In August 2021, the U.S. Food and Drug Administration (FDA) approved an expanded PAD indication for XARELTO® (2.5 mg twice daily plus aspirin 75 - 100 mg once daily) to include patients following a recent LER due to symptomatic PAD. XARELTO® acts on a dual pathway inhibition (DPI) approach to target both clotting mechanisms, thrombin and platelet activation.

About VOYAGER PAD

The Phase 3 VOYAGER PAD study included 6,564 patients from 542 sites across 34 countries worldwide. Patients were randomized in a 1:1 ratio and received either the XARELTO® (rivaroxaban [2.5 mg twice daily plus aspirin 100 mg once daily]) (n=3,286) or aspirin alone (100 mg once daily) (n=3,278). Patients were stratified by revascularization procedure type (endovascular vs. surgical) and use of clopidogrel, which was administered at the treating physician’s discretion. Patients were followed for a median of 28 months.

The VOYAGER PAD study met its primary efficacy and principal safety endpoints, demonstrating the XARELTO® plus aspirin was superior to aspirin alone in reducing the risk of major adverse limb and cardiovascular events (composite outcome of acute limb ischemia, major amputation for vascular causes, myocardial infarction, ischemic stroke, or cardiovascular death) by 15 percent in patients with symptomatic PAD after lower-extremity revascularization.
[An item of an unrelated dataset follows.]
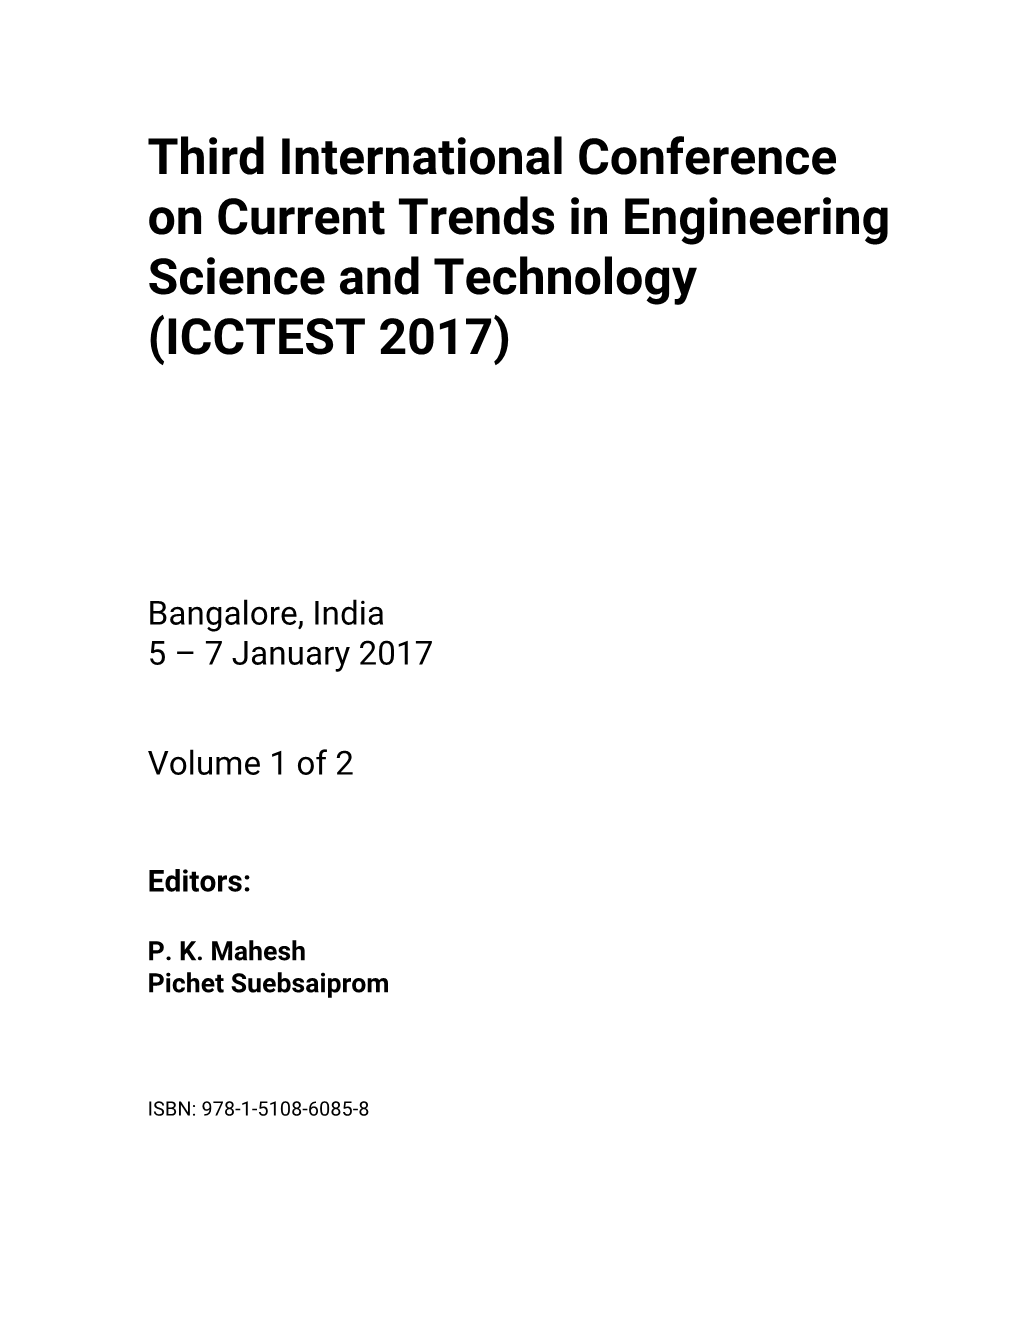 Third International Conference on Current Trends in Engineering

The benefit of adding XARELTO® to aspirin was apparent early, was consistent among major subgroups and continued to accrue over time. There was no significant increase in thrombolysis in myocardial infarction (TIMI) major bleeding observed in patients treated with the XARELTO® plus aspirin compared to aspirin alone (Kaplan-Meier estimate at three years 2.65% vs. 1.87%, respectively).
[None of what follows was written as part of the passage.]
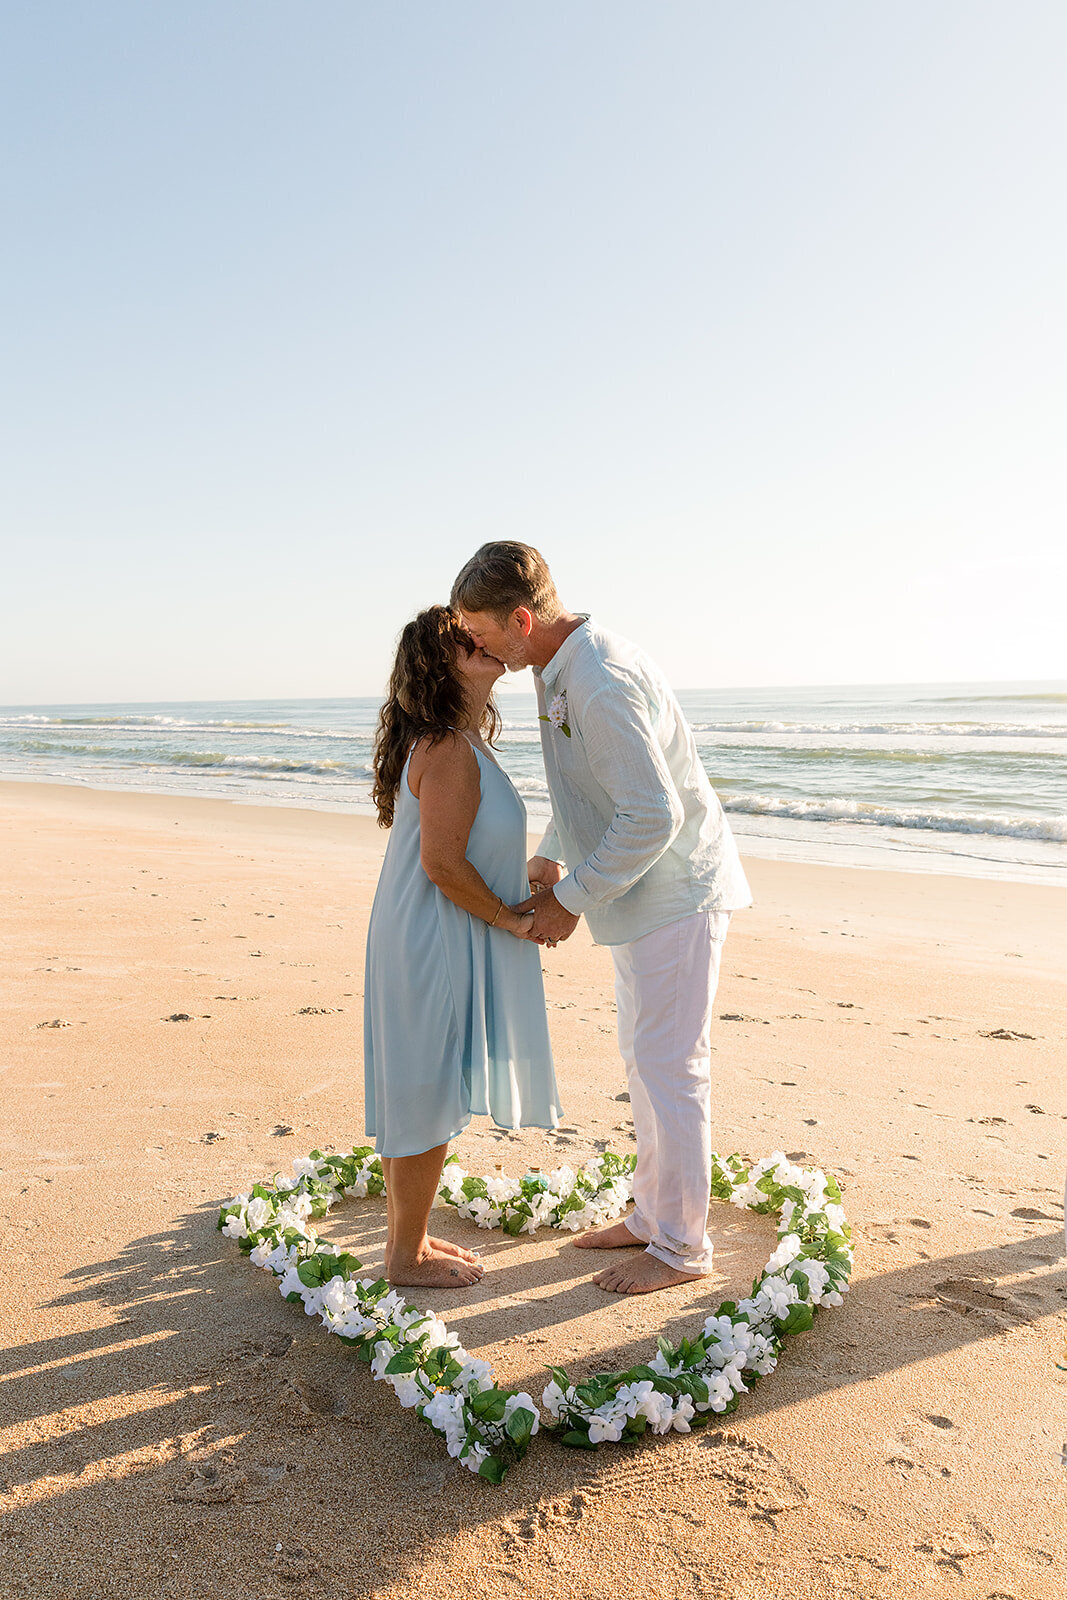 eloping at sunrise on the beach

About XARELTO® (rivaroxaban)

XARELTO® is a prescription medicine used to:

• reduce the risk of stroke and blood clots in adults who have a medical condition called atrial fibrillation that is not caused by a heart valve problem. With atrial fibrillation, part of the heart does not beat the way it should. This can lead to the formation of blood clots, which can travel to the brain, causing a stroke, or to other parts of the body
• treat blood clots in the veins of your legs (deep vein thrombosis or DVT) or lungs (pulmonary embolism or PE)
• reduce the risk of blood clots from happening again in adults who continue to be at risk for DVT or PE after receiving treatment for blood clots for at least 6 months
• help prevent a blood clot in the legs and lungs of adults who have just had hip or knee replacement surgery
• help prevent blood clots in certain adults hospitalized for an acute illness and after discharge, who are at risk of getting blood clots because of the loss of or decreased ability to move around (mobility) and other risks for getting blood clots, and who do not have a high risk of bleeding

XARELTO® is used with low dose aspirin to:

• reduce the risk of serious heart problems, heart attack and stroke in adults with coronary artery disease (a condition where the blood supply to the heart is reduced or blocked)
• reduce the risk of a sudden decrease in blood flow to the legs, major amputation, serious heart problems or stroke in adults with peripheral artery disease (a condition where the blood flow to the legs is reduced) and includes adults who have recently had a procedure to improve blood flow to the legs

XARELTO® is used in children to:

• treat blood clots or reduce the risk of blood clots from happening again in children from birth to less than 18 years, after receiving at least 5 days of treatment with injectable or intravenous medicines used to treat blood clots
• help prevent blood clots in children 2 years and older with congenital heart disease after the Fontan procedure

XARELTO® was not studied and is not recommended in children less than 6 months of age who:

• were less than 37 weeks of growth (gestation) at birth
• had less than 10 days of oral feeding, or
• had a body weight of less than 5.7 pounds (2.6 kg)

IMPORTANT SAFETY INFORMATION

WHAT IS THE MOST IMPORTANT INFORMATION I SHOULD KNOW ABOUT XARELTO®?

XARELTO® may cause serious side effects, including:

• Increased risk of blood clots if you stop taking XARELTO®. People with atrial fibrillation (an irregular heart beat) that is not caused by a heart valve problem (nonvalvular) are at an increased risk of forming a blood clot in the heart, which can travel to the brain, causing a stroke, or to other parts of the body. XARELTO® lowers your chance of having a stroke by helping to prevent clots from forming. If you stop taking XARELTO®, you may have increased risk of forming a clot in your blood.

Do not stop taking XARELTO® without talking to the doctor who prescribes it for you. Stopping XARELTO® increases your risk of having a stroke. If you have to stop taking XARELTO®, your doctor may prescribe another blood thinner medicine to prevent a blood clot from forming.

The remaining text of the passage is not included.